The saturated solution of equal parts of thallium(I) formate (Tl(CHO2)) and thallium(I) malonate (Tl(C3H3O4)) in water is known as Clerici solution. It is a mobile odorless liquid whose colour changes from yellowish to clear upon reducing the concentration of the thallium salts. With the density of 4.25 g/cm3 at 20 °C, Clerici solution is one of the heaviest aqueous solutions known. It was used in the 20th century for measuring density of minerals by the flotation method, but the use is discontinued due to the high toxicity and corrosiveness of the solution.
Thallium iodide is used as an additive to metal halide lamps, often together with one-two halides of other metals. It allows to optimize the lamp temperature and colour rendering, and shift the spectral output to the green region, which is useful for underwater lighting.

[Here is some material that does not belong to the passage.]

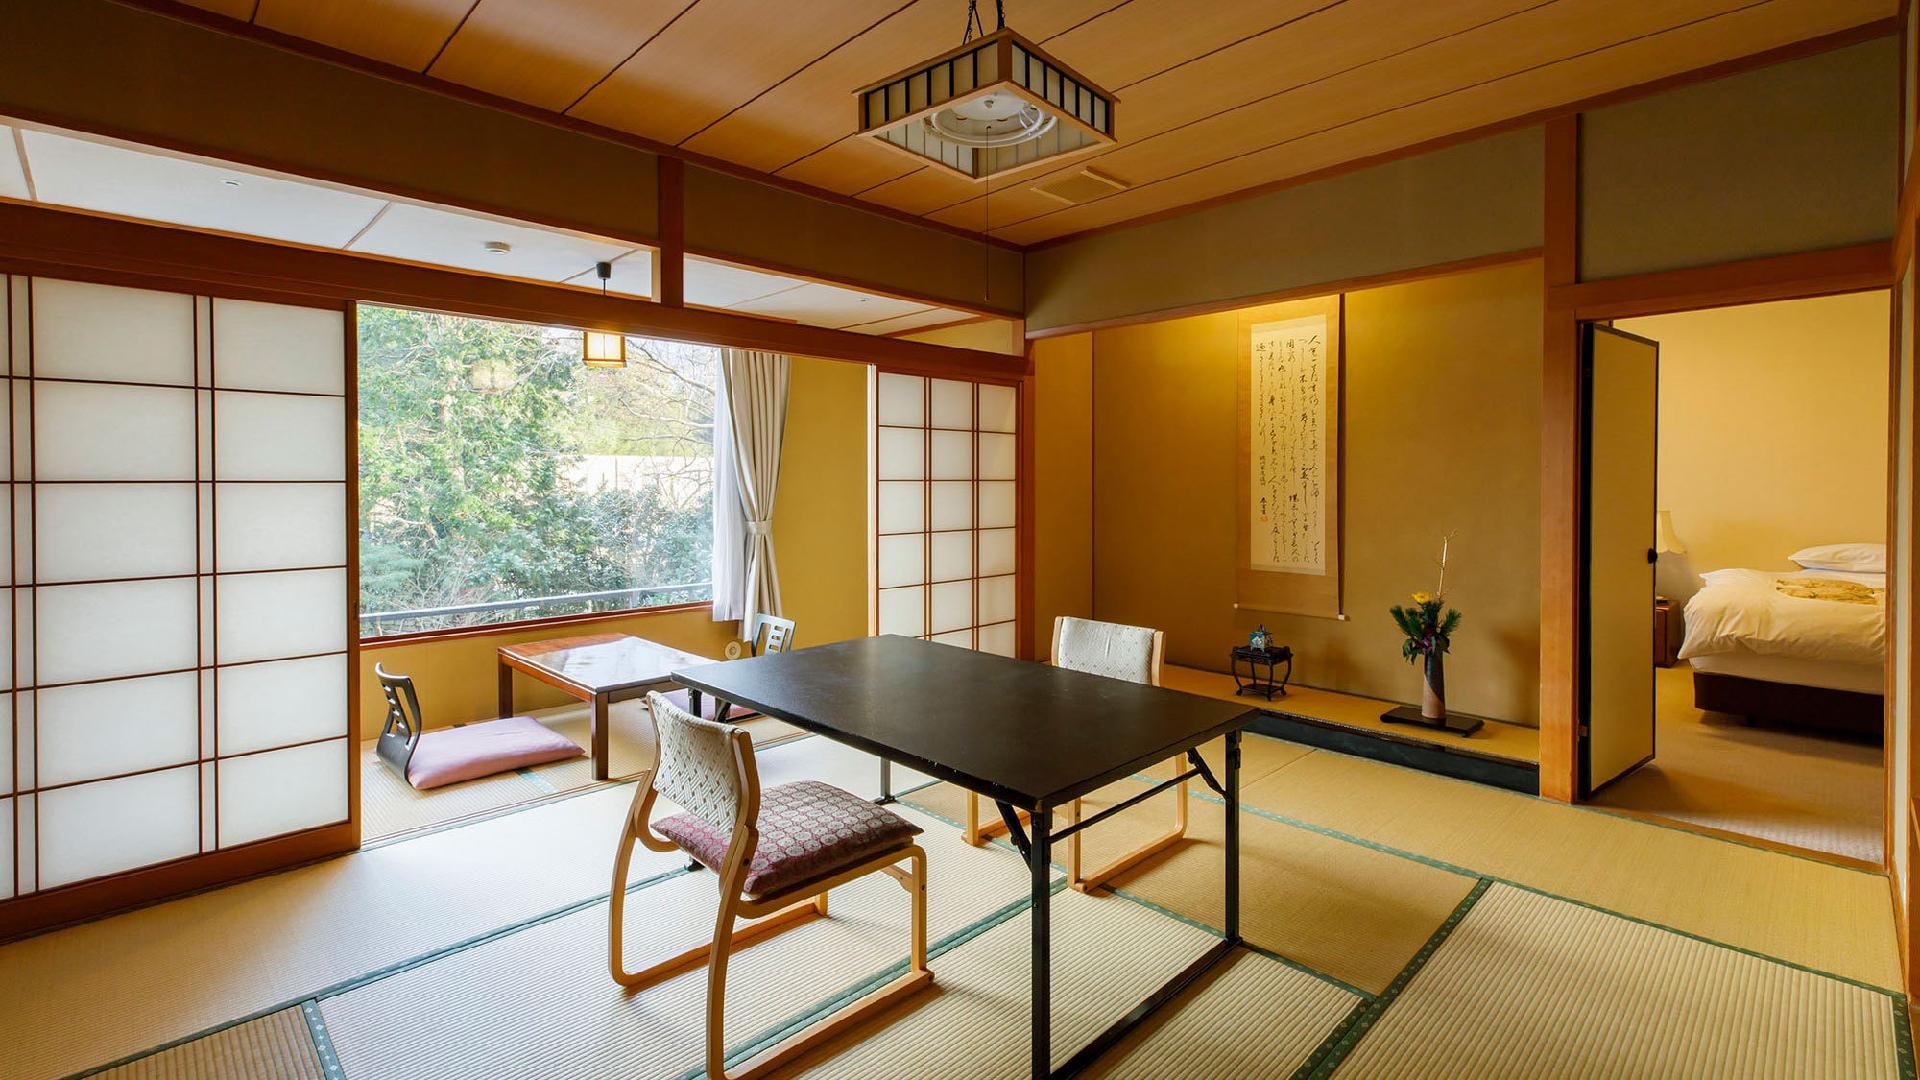 Mizuun 日西式房間/日式房間示例

Thallium and its compounds are extremely toxic, and should be handled with great care. There are numerous recorded cases of fatal thallium poisoning. Contact with skin is dangerous, and adequate ventilation should be provided when melting this metal. Thallium(I) compounds have a high aqueous solubility and are readily absorbed through the skin. Exposure to them should not exceed 0.1 mg per m2 of skin in an 8-hour time-weighted average (40-hour work week). Thallium is a suspected human carcinogen. For a long time thallium compounds were easily available as rat poison. This fact and that it is water soluble and nearly tasteless led to frequent intoxications caused by accident or criminal intent.

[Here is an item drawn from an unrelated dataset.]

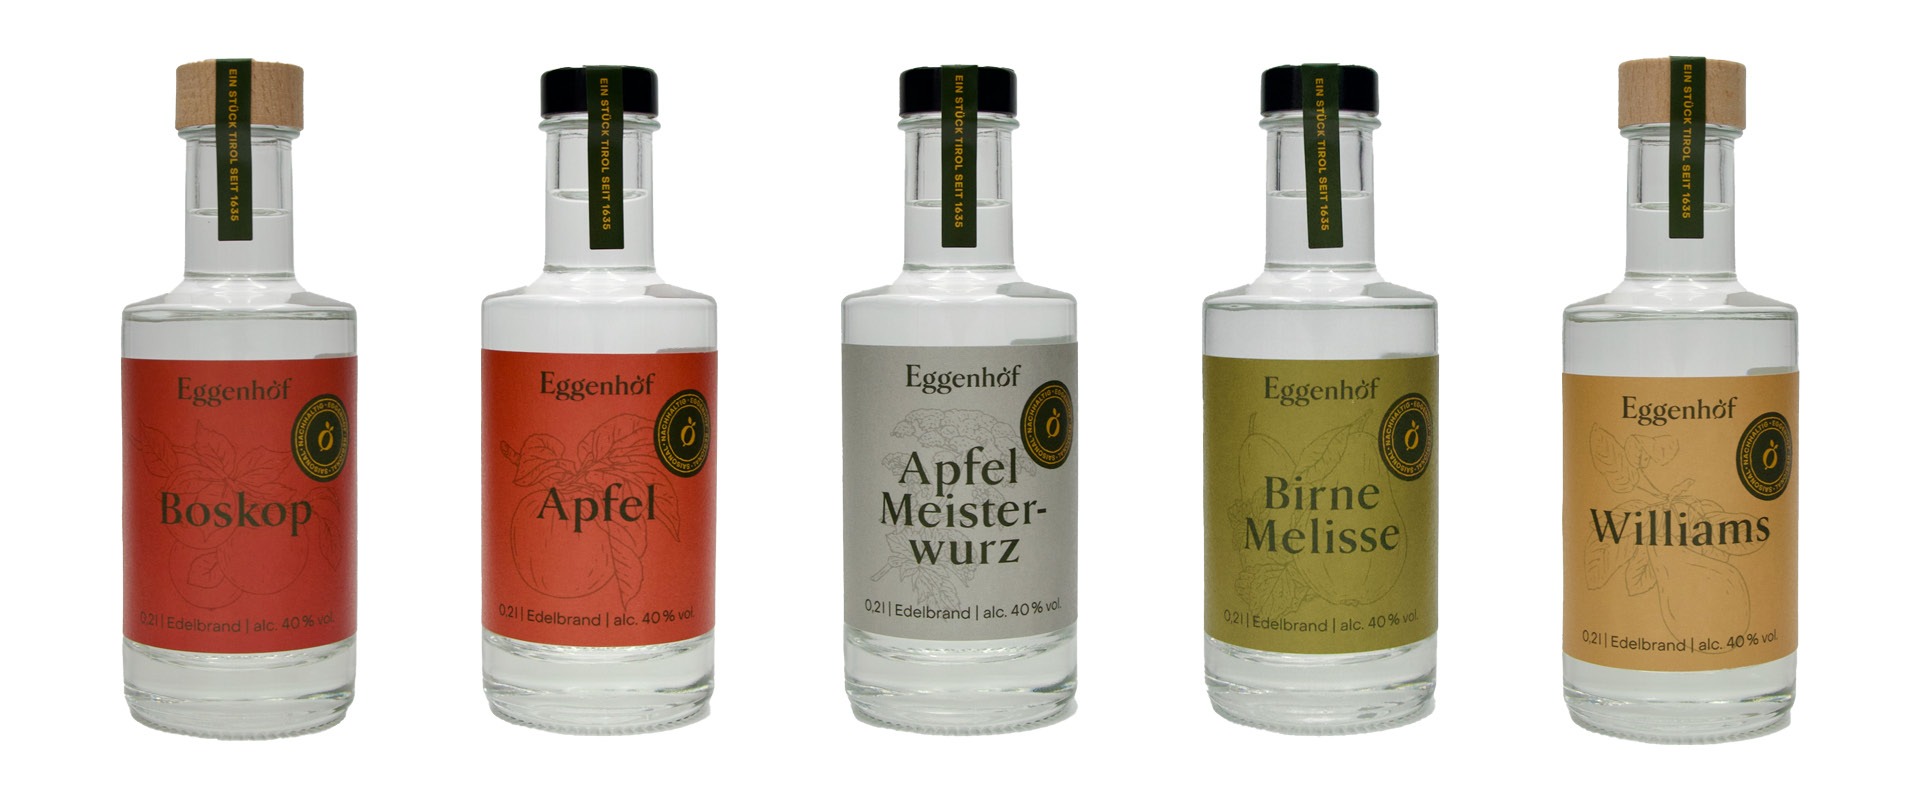 Fünf Flaschen Gin vom Eggenhof mit unterschiedlichen Etiketten.

Treatment and internal decontamination
One of the main methods of removing thallium (both radioactive and normal) from humans is to use Prussian blue, a material which absorbs thallium. Up to 20 g per day of Prussian blue is fed by mouth to the person, and it passes through their digestive system and comes out in the stool. Hemodialysis and hemoperfusion are also used to remove thallium from the blood serum. At later stage of the treatment additional potassium is used to mobilize thallium from the tissue.
According to the United States Environmental Protection Agency (EPA), man-made sources of thallium pollution include gaseous emission of cement factories, coal burning power plants, and metal sewers. The main source of elevated thallium concentrations in water is the leaching of thallium from ore processing operations.